23

— Allora — dissi — qual è il tuo piano?

Aenea alzò gli occhi dal libro. — Chi ti dice che ho un piano?

Mi accomodai a cavalcioni sulla sedia. — Fra meno di un’ora saltiamo fuori nel sistema di Parvati. Una settimana fa hai detto che ci occorreva un piano, nel caso sappiano che stiamo per arrivare… perciò, qual è il piano?

Con un sospiro Aenea chiuse il libro. A. Bettik era salito nella biblioteca e ora si unì a noi intorno al tavolo… addirittura si sedette con noi, cosa per lui molto insolita.

— Non sono sicura d’avere un piano — disse la bambina.

Era quel che temevo. La settimana era trascorsa in maniera abbastanza piacevole; tutt’e tre avevamo letto molto, chiacchierato molto, giocato molto (Aenea giocava benissimo a scacchi, benino a Go, da far paura a poker) e i giorni si erano susseguiti senza incidenti. Molte volte avevo cercato di farle rivelare i suoi piani… dove intendeva andare? perché scegliere Vettore Rinascimento? trovare gli Ouster faceva parte della sua ricerca?… ma le sue risposte, pur cortesi, erano sempre vaghe. Aenea aveva invece una grande abilità nel far parlare me. Non avevo conosciuto molti bambini (anche quand’ero piccolo, c’erano pochi altri bambini nel nostro gruppo di carrozzoni e di rado cercavo la loro compagnia perché trovavo di gran lunga più interessante quella di Nonna), ma i bambini e i ragazzi da me incontrati nel corso degli anni non avevano mai mostrato né la sua notevole curiosità né la sua capacità di ascoltare. Aenea riuscì a farmi descrivere i miei anni da pastore; mostrò un particolare interesse per il mio apprendistato come architetto di panorami; mi rivolse mille domande sul periodo da me trascorso a bordo delle chiatte fluviali e a fare da guida ai cacciatori… a dire il vero, non mostrò interesse solo per il periodo in cui militavo nella Guardia Nazionale. Mi era parsa soprattutto interessata al mio cane, anche se il solo parlare di Izzy, di come l’avevo allevata e addestrata per diventare cane da penna, poi di come era morta, mi turbava non poco.

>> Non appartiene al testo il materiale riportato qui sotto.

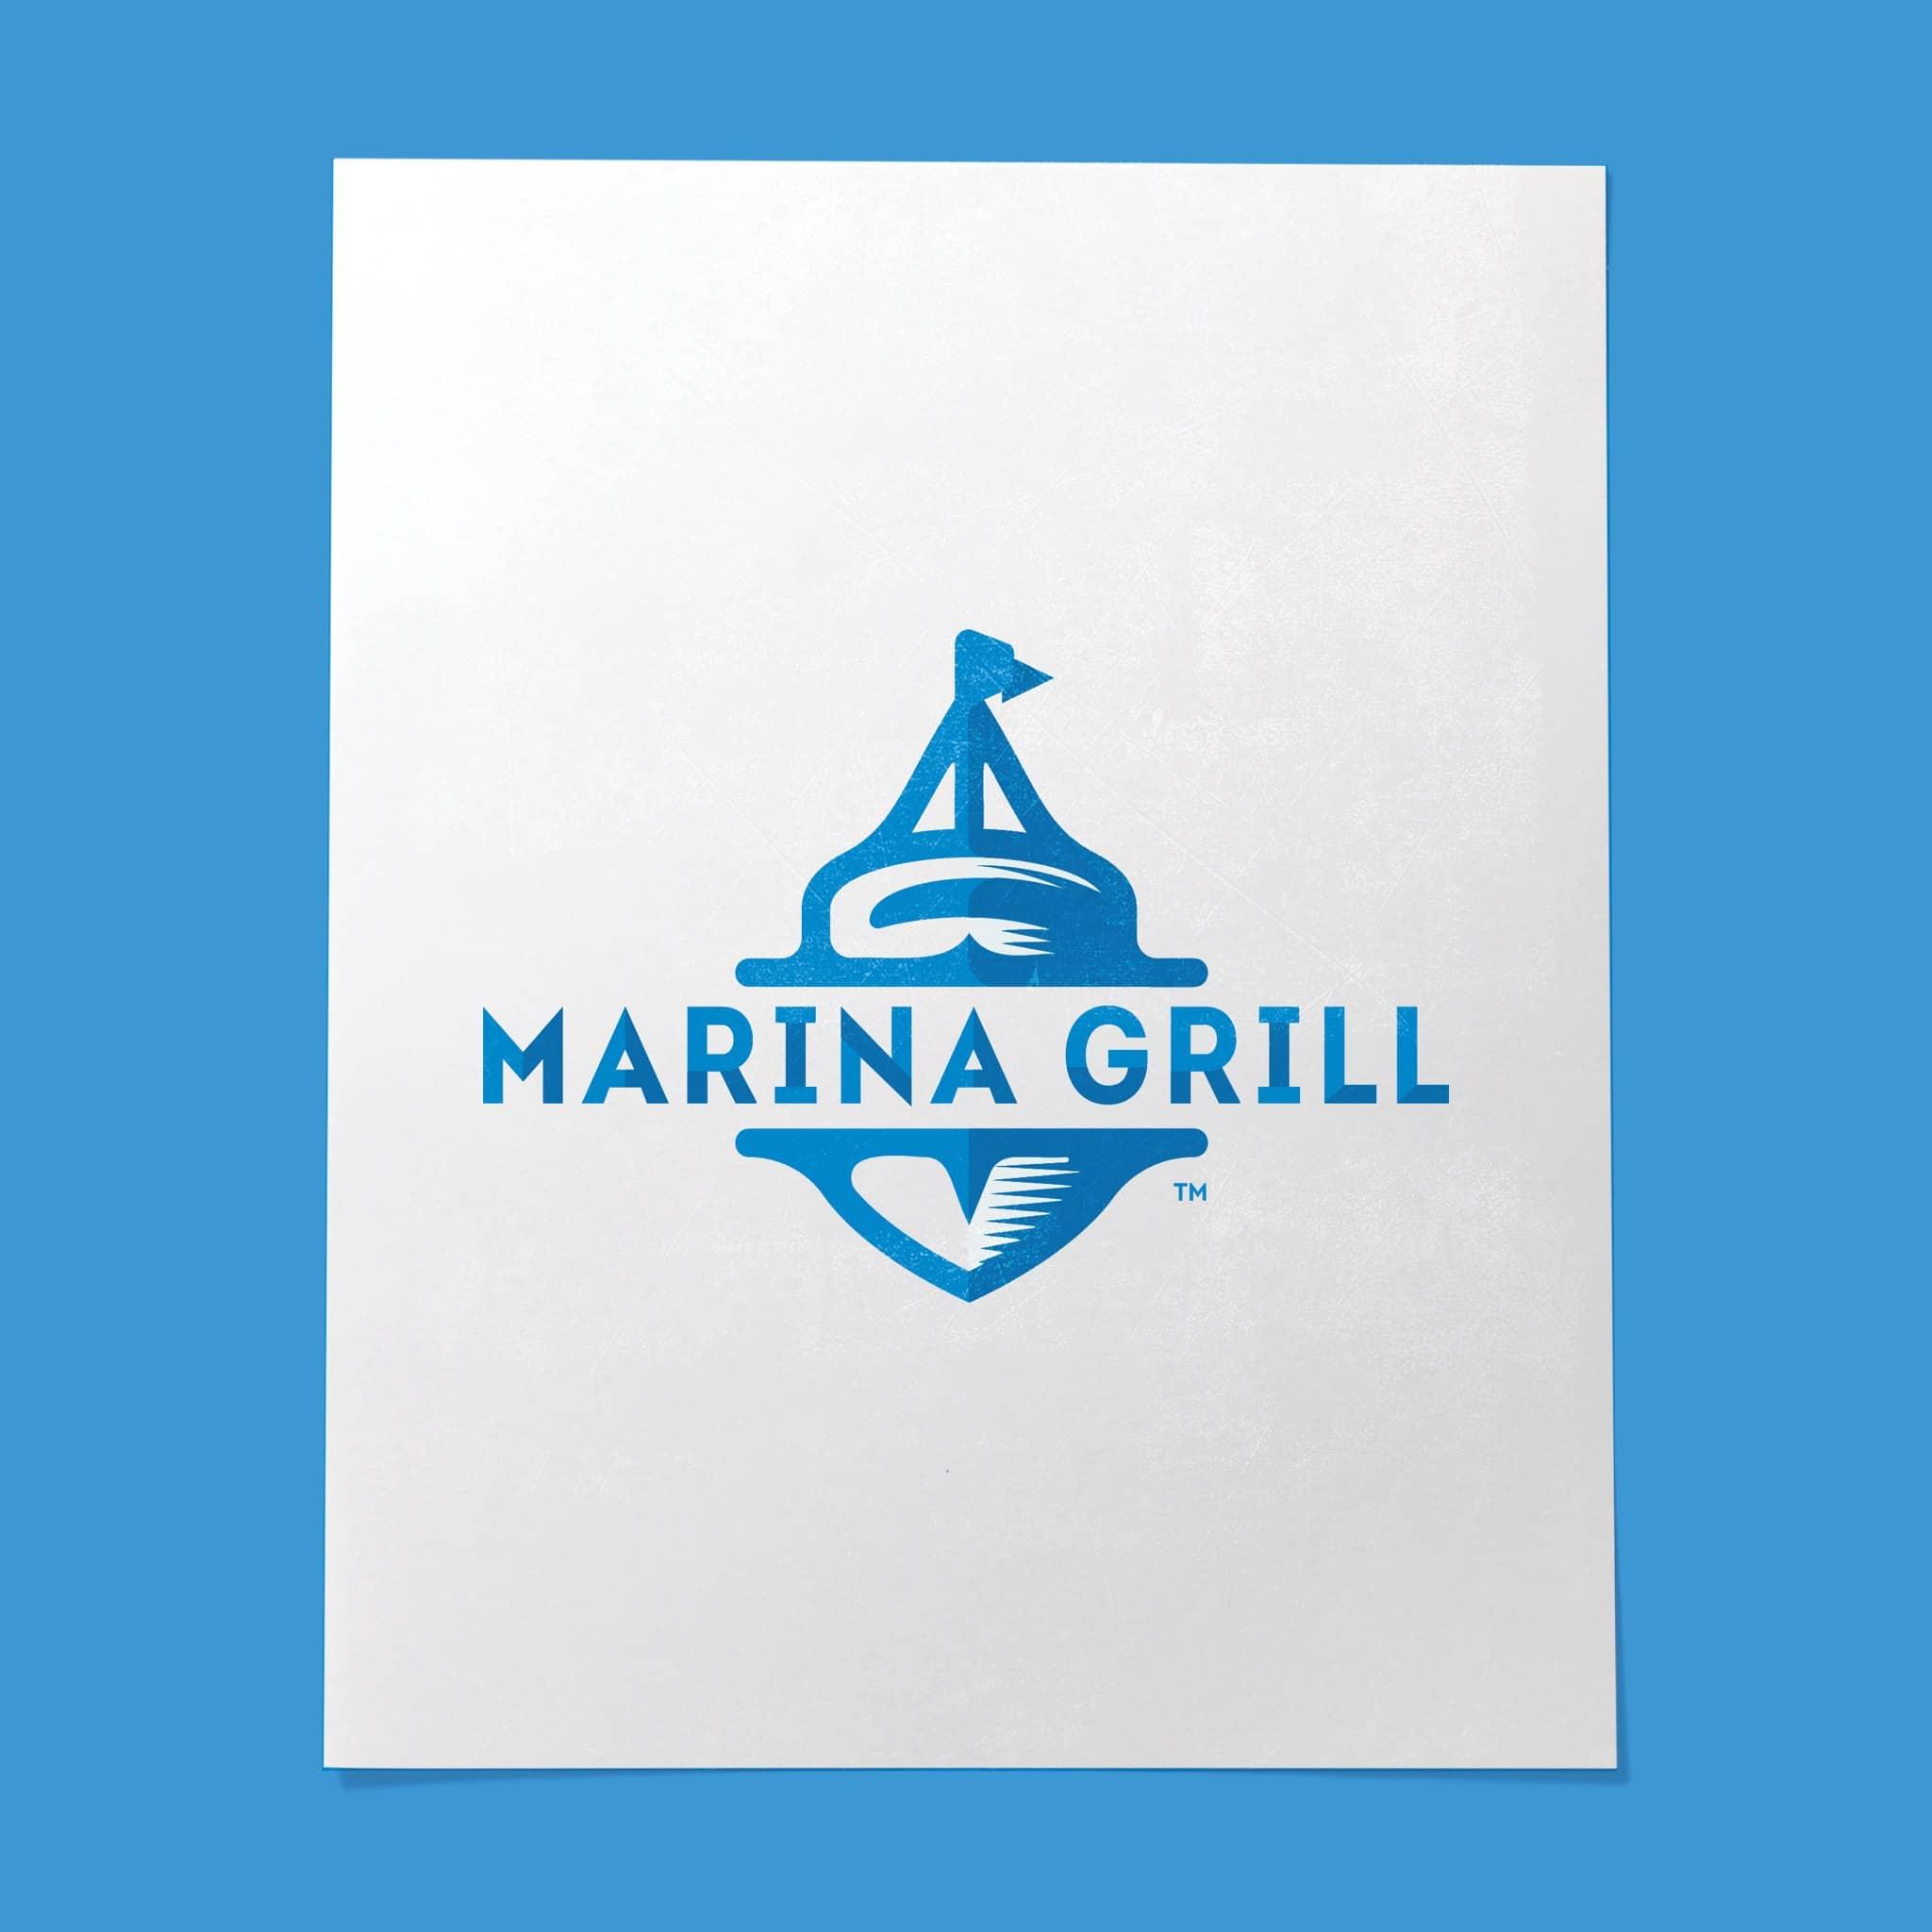 Marina Grill Logo Design by Brand Engine

Notai che Aenea riusciva persino a indurre A. Bettik a parlare dei suoi secoli di servizio e qui spesso mi unii a lei nel paziente ascolto: l’androide aveva visto e sperimentato cose sorprendenti: altri mondi, la colonizzazione di Hyperion sotto re Billy il Triste, le prime scorrerie dello Shrike nel continente Equus, il pellegrinaggio finale reso famoso dal vecchio poeta. Perfino i decenni al servizio di Martin Sileno risultarono affascinanti.

Ma Aenea parlava molto poco di sé. La quarta sera dopo la partenza da Hyperion ammise d’essere uscita dalla Sfinge nel proprio futuro non solo per sfuggire ai soldati della Pax che le davano allora la caccia, ma per cercare il suo stesso destino.

— In qualità di messia? — domandai, incuriosito.

Aenea si mise a ridere. — No — disse — in qualità d’architetto.

Rimasi sorpreso. Né i Canti, né il vecchio poeta in persona avevano accennato al fatto che la cosiddetta Colei Che Insegna si guadagnasse da vivere come architetto.

Aenea scrollò le spalle. — È ciò che voglio fare. Nei miei sogni, colui che potrebbe insegnarmi vive in questa epoca. Perciò qui sono venuta.

— Colui che potrebbe insegnarti? — dissi. — Pensavo che fossi tu, colei che insegna.

Aenea si lasciò cadere sui cuscini della piazzola olografica e con la gamba agganciò la spalliera del divano. — Raul, come potrei insegnare qualcosa a chicchessia? Ho dodici anni standard e non ho mai lasciato Hyperion prima d’ora… Diavolo, non avevo mai lasciato Equus, fino alla scorsa settimana. Cos’ho da insegnare?

A questa domanda non avevo risposta.

— Voglio diventare architetto — continuò Aenea. — E nel mio sogno, l’architetto che può addestrarmi è là fuori da qualche parte… — Mosse le dita in direzione dello scafo esterno, ma capii che si riferiva alla vecchia Rete dell’Egemonia.

— Chi è? — dissi. — Un uomo? Una donna?

— Un uomo — rispose Aenea. — Non so come si chiama.

— In quale mondo si trova?

— Non lo so.

— Sei sicura che questo sia il secolo giusto? — domandai, cercando di non sembrare irritato.

— Sì. Forse. Credo di sì. — Ben di rado, in quella settimana trascorsa insieme, si era mostrata irascibile, ma ora il suo tono parve pericolosamente vicino all’irascibilità.

— E tu hai solo sognato quel tale?

Si alzò a sedere sui cuscini. — Non solo sognato — disse allora. — I miei sogni sono importanti per me. In un certo senso, sono qualcosa di più che non semplici sogni… — S’interruppe. — Vedrai.

Cercai di non sospirare forte. — E quando sarai diventata architetto?

Aenea si mordicchiò un’unghia… una brutta abitudine da cui mi proponevo di liberarla. — Cosa vuoi dire?

— Voglio dire, il vecchio poeta s’aspetta da te grandi cose. Essere il messia è solo una delle tante. Quando questa parte entra in gioco?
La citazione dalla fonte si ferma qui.